И оранжевый свет все больше разливался по небу, и светлели поля и перелески, и такое же блаженное умиротворение воцарялись в этот час в вагоне: все прочие пассажиры наконец-то проваливались в сладкий, долгожданный сон.
Проснется большинство попутчиков – знал Рыков – теперь уже поздним утром, а кто-то очухается ото сна и далеко за полдень. И Рыкову опять придется опускать и отводить глаза и даже выслушивать быть может «сердешное» от какой-нибудь простодушной бабушки: «Ну вы и храпите!». А ему, как всегда, останется лишь развести руками и с партизанской стойкостью промолчать – не врать уже о сломанном на боксерском ринге носе, или обгоревшей в пожаре подбитого танка гортани.
Слава Богу – от локальных конфликтов и войн судьба Рыкова уберегла, а на боксерском ринге он за всю свою жизнь провел один-единственный бой. А вот храпел Рыков всегда – безбожно!
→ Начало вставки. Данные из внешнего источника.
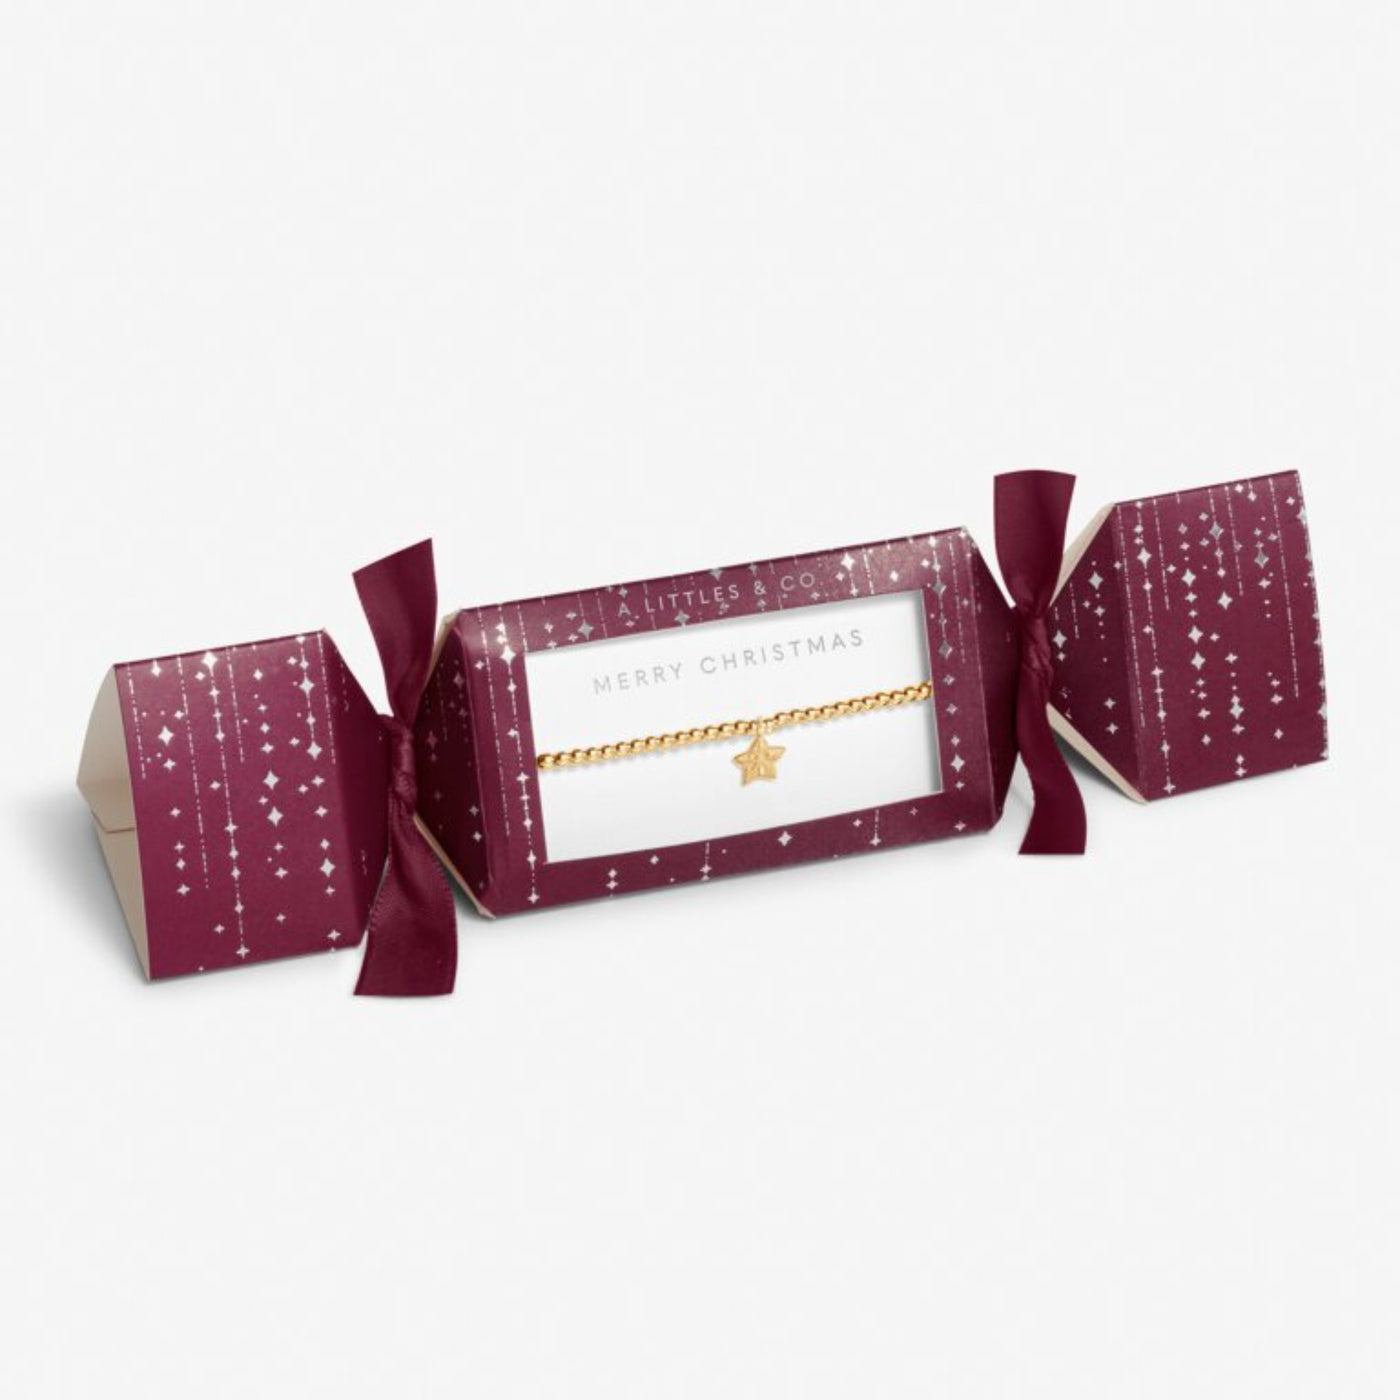 Merry Christmas Star Cracker Box Bracelet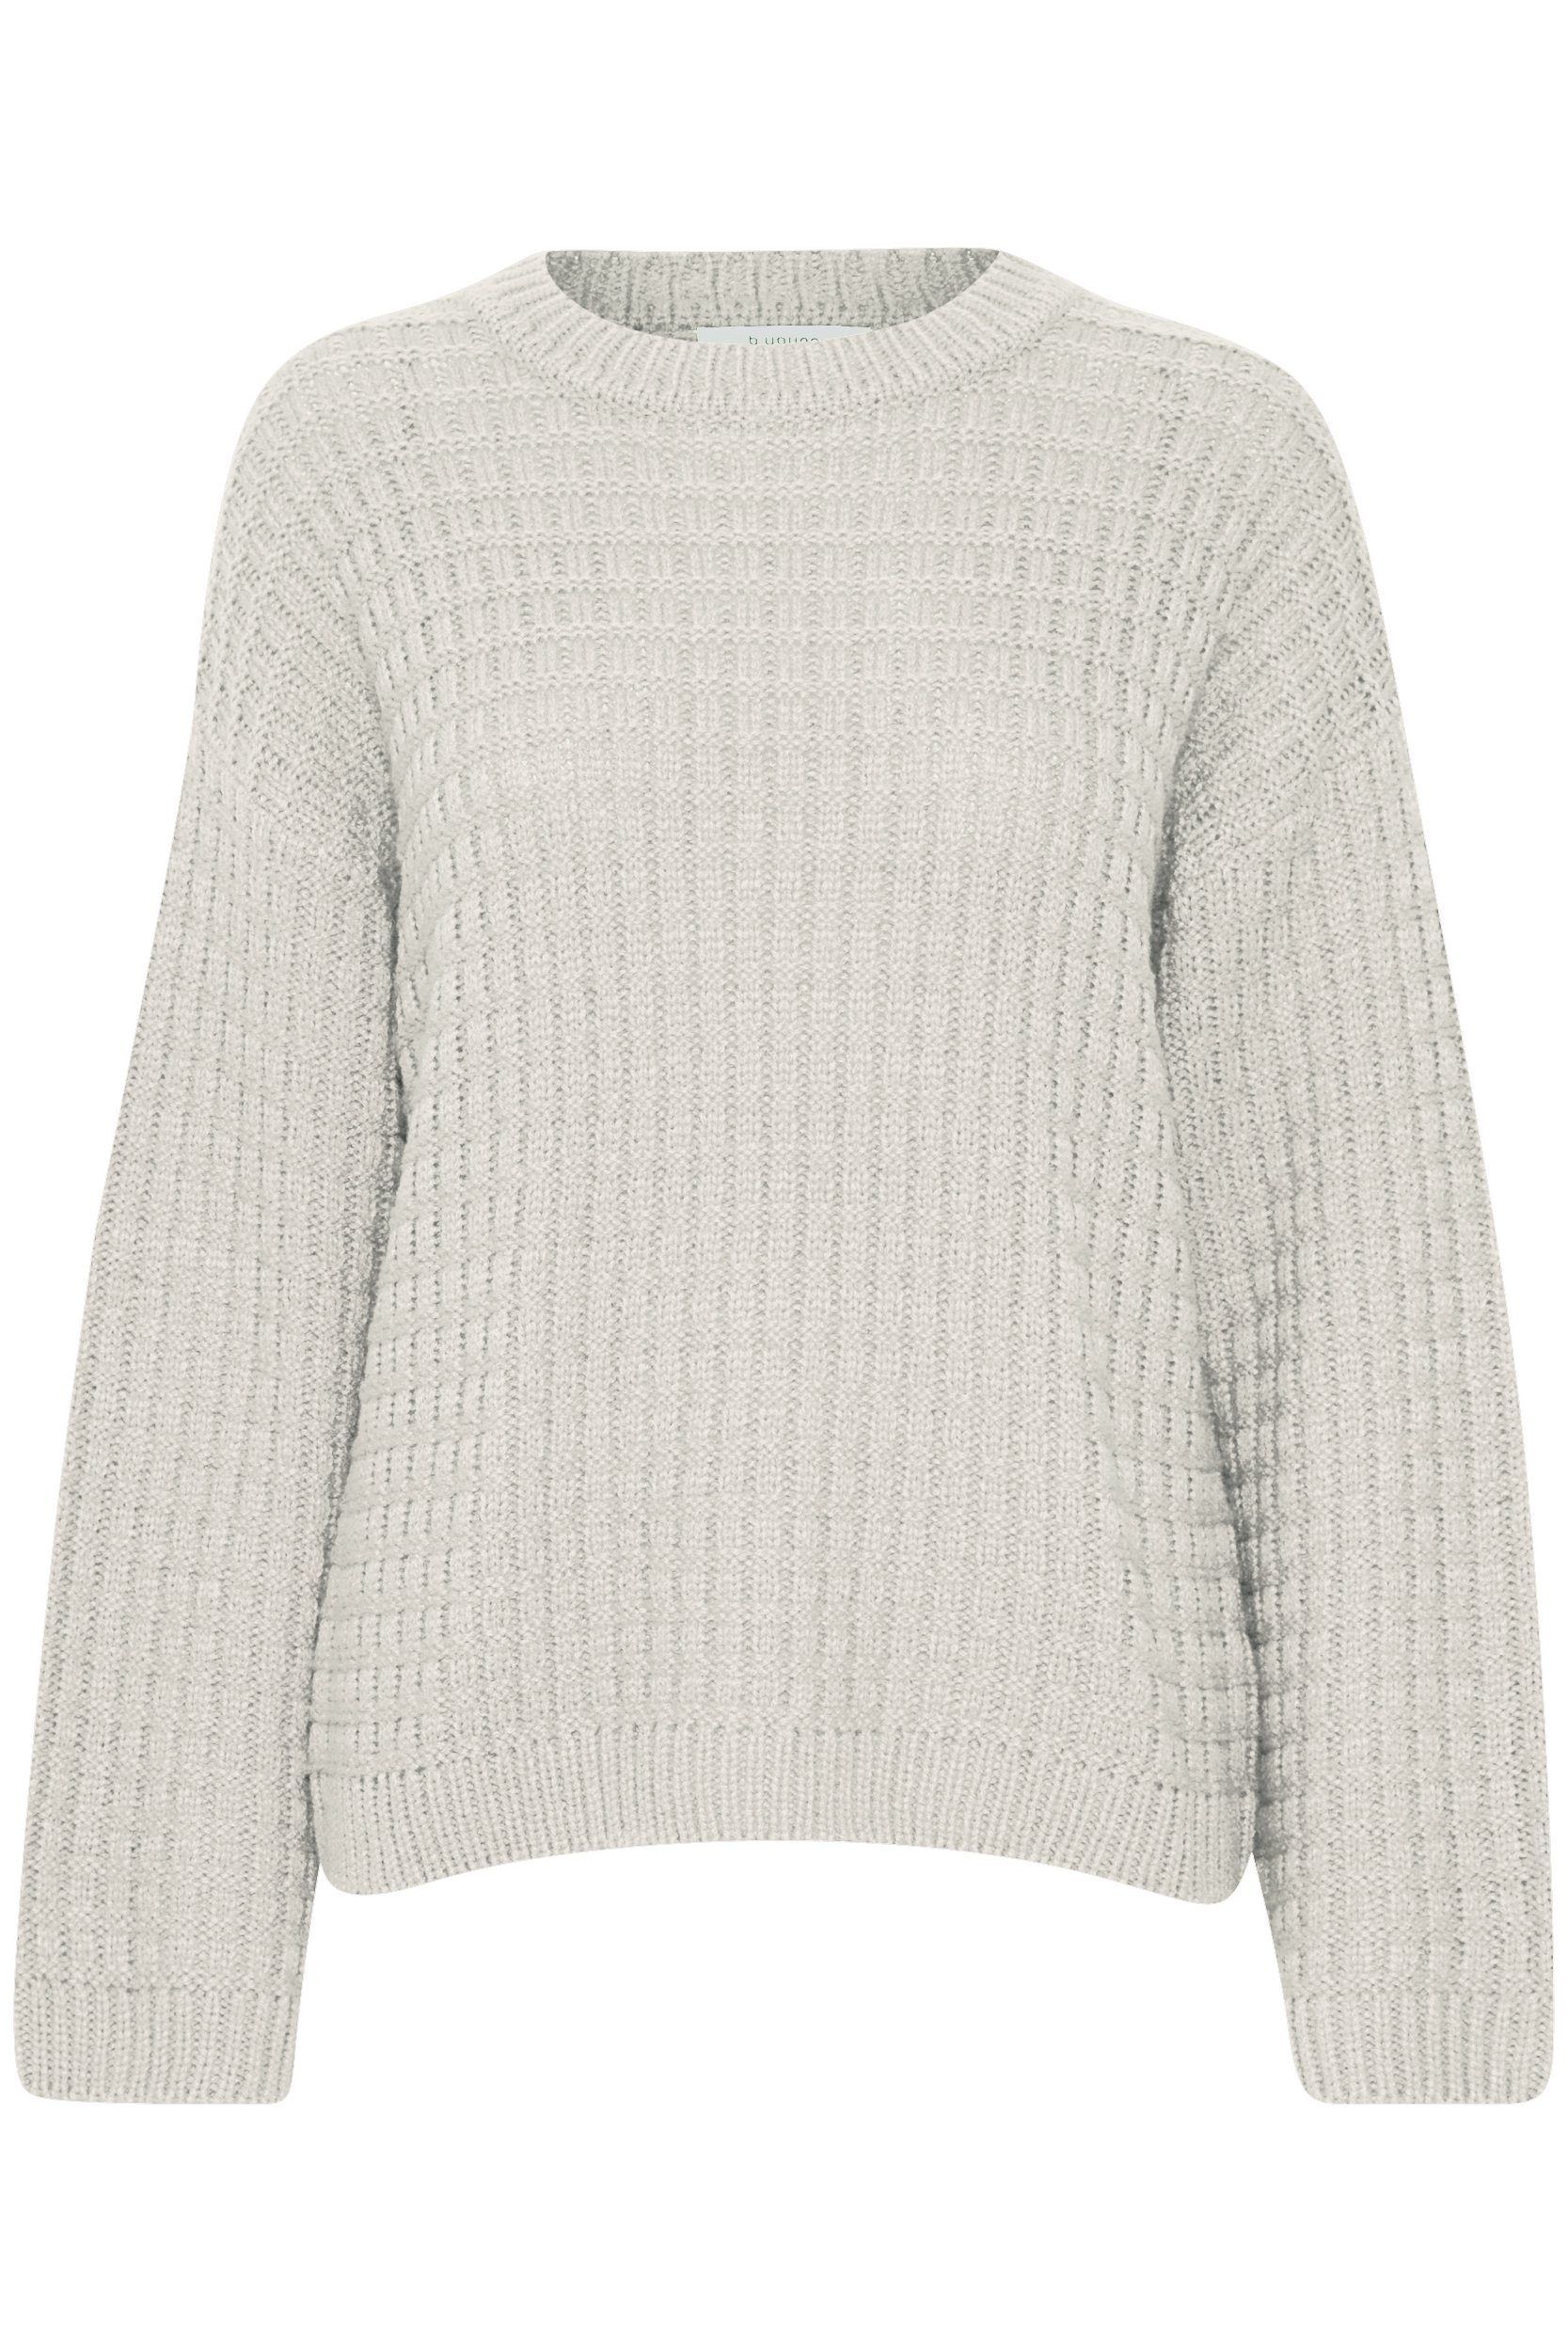 b.young Strickpullover Grobstrick Pullover Sweater mit Abgesetzten Schultern 6664 in Weiß

Храпел Рыков, сколько себя помнил. Помнил еще и храпящего деда, наслушался сполна и храпа брата. Мать утешала Борю в детстве: «Человек храпит тогда, когда он спит на спине… И пьяный – тоже всегда храпит». Ерунда! Рыков храпел в любом положении – сколько не ворочали его с бока на бок терпеливая жена, или отчаявшиеся заснуть попутчики: все напрасно. А уж если спьяну!..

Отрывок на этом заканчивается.